Hey,
right now I try to get a simple io scenario running on our pbs cluster. The error is related to the write operation:
> java.io.IOException: Error write /home/user/.openmole/.tmp/ssh/openmole-6a9e2713-dbc6-45d8-970a-ea195c88e179/tmp/1508932279100/a7d83199-68b6-4af0-873f-7c4739b31108/aacbcbb2-48d0-4a6d-93a0-aa73cd92ce57.pbs on org.openmole.plugin.environment.pbs.PBSJobService$$anon$1@18773638
> at fr.iscpif.gridscale.storage.Storage$class.errorWrapping(Storage.scala:72)…
The program to run looks like this:
val proto1 = Val[Int]
val inputFile = Val[File]
val outputFile = Val[File]
val explo = ExplorationTask(proto1 in (0 to 9))
//Defines the scala task as a launcher of the hello executable
val javaTask =
ScalaTask(“val outputFile = newFile(); hello.Hello.run(proto1, inputFile, outputFile)”) set (
libraries += workDirectory / “Hello.jar”,
inputs += (proto1, inputFile),
outputs += (proto1, outputFile),
inputFile := workDirectory / “input.txt”
)
//Save the output file locally
val copyHook =
CopyFileHook(
outputFile,
workDirectory / “out-${proto1}.txt”
)
val env = PBSEnvironment(
“user”,
“11.11.11.11”)
explo -< (javaTask on env hook (copyHook))
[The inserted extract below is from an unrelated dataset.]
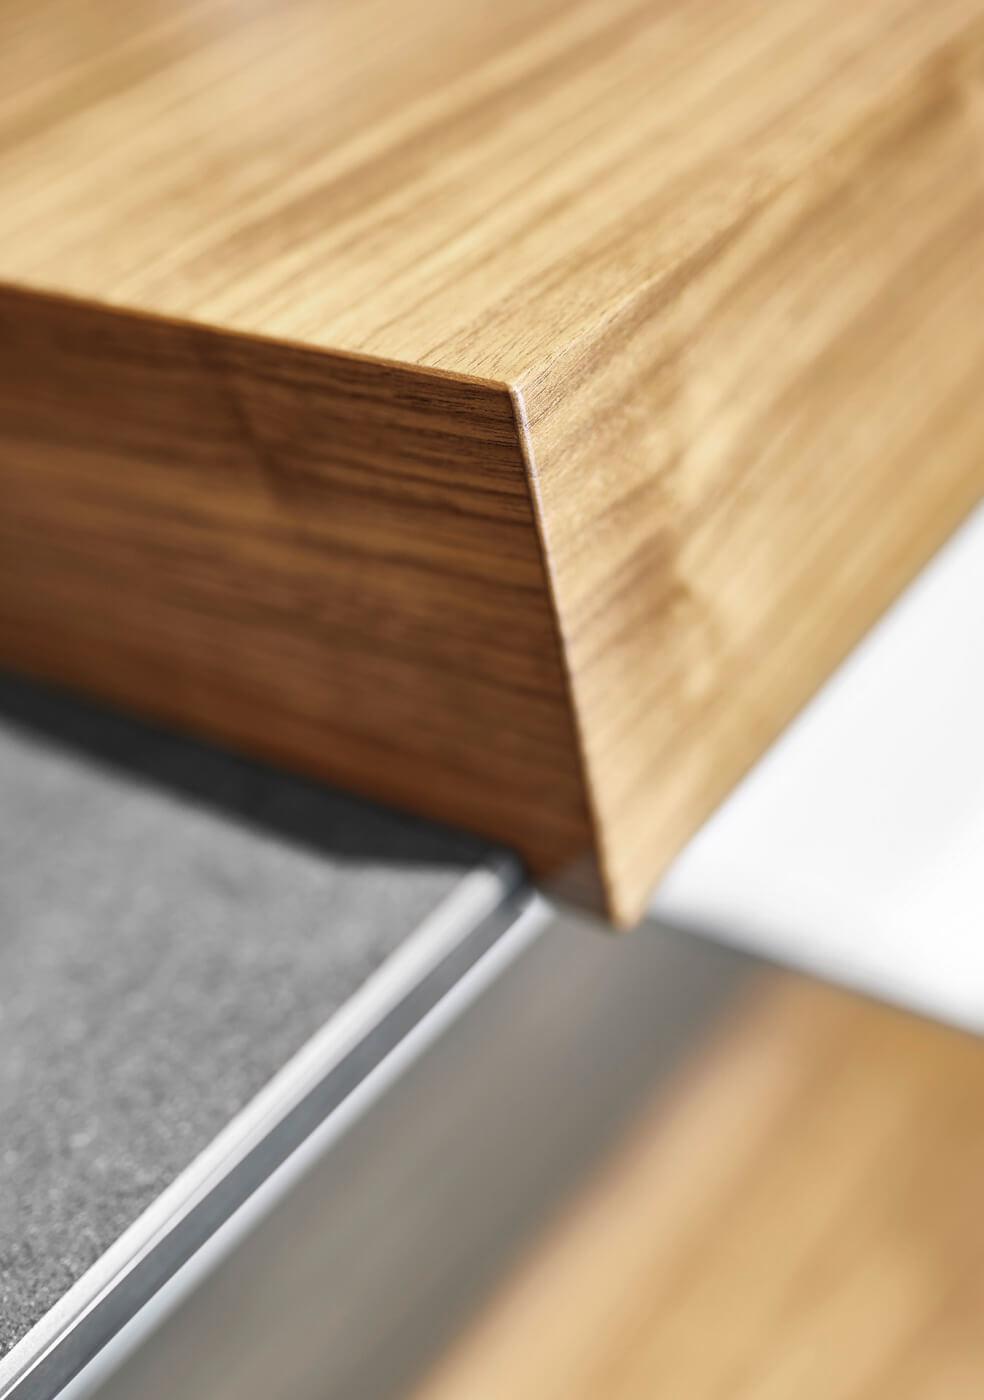 ligna glas, Glasfront mit Holzelementen

Since openmole creates several folders on the cluster, the SSH access should work correctly. The execution tab within the gui shows only failed jobs at the env side. If I run the program only locally, it works fine.
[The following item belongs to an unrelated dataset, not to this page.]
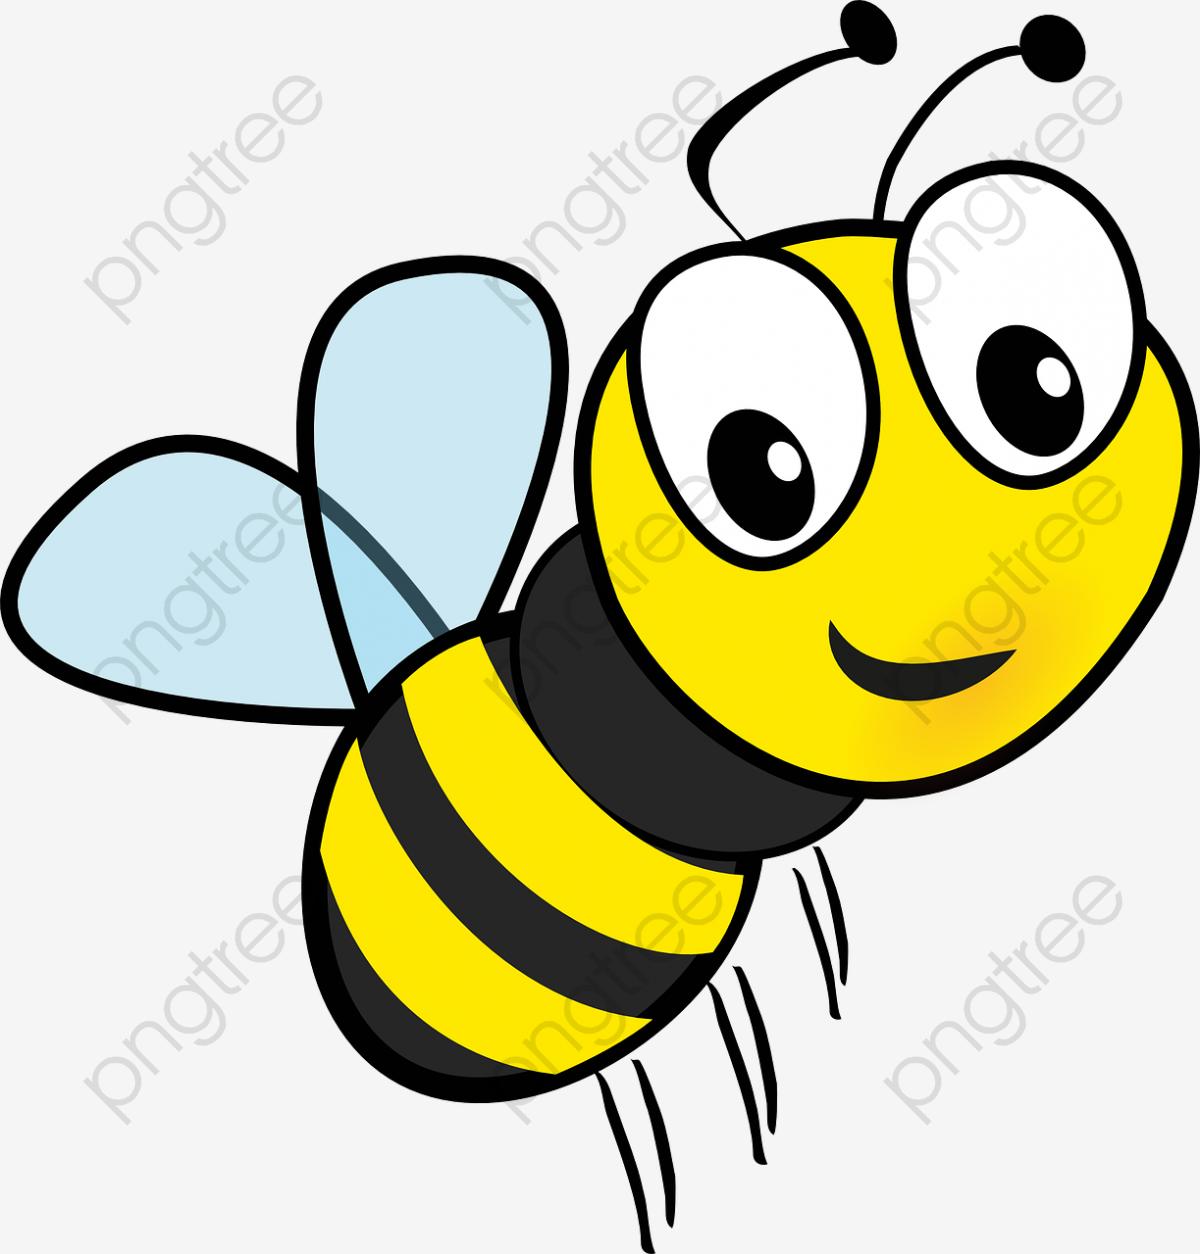 Clipart bee cartoon. Flying flight png

If I run it just within the SSH environment, I get this error:
org.openmole.core.exception.InternalProcessingError: Error for context values in org.openmole.core.workflow.tools.InputOutputCheck$@34fb8371 {inputFile=/home/user/.openmole/.tmp/ssh/openmole-6a9e2713-dbc6-45d8-970a-ea195c88e179/tmp/1508935593043/109689a8-f51b-4863-9d8d-7287835a5ff7/ba5e8bcf-081d-40d0-bfec-09983a28afcb/.tmp/89ecd9d8-ea00-4f83-ad83-0f1652555b27/filed8e6b3f9-de83-4b9d-9ad6-42b506148a9a.bin, openmole$seed=145807262833502681, proto1=3}
at org.openmole.core.workflow.tools.InputOutputCheck$$anonfun$perform$2.apply(InputOutputCheck.scala:90)
at org.openmole.core.workflow.tools.InputOutputCheck$$anonfun$perform$2.apply(InputOutputCheck.scala:80)
Caused by: java.io.FileNotFoundException: /home/user/.openmole/.tmp/ssh/openmole-6a9e2713-dbc6-45d8-970a-ea195c88e179/tmp/1508935593043/109689a8-f51b-4863-9d8d-7287835a5ff7/ba5e8bcf-081d-40d0-bfec-09983a28afcb/.tmp/89ecd9d8-ea00-4f83-ad83-0f1652555b27/runtime26b19081-6155-42cc-84e1-695ab789e796/file6ffe3afd-57ea-4bd3-adde-d568a1f1a91d.bin (No such file or directory)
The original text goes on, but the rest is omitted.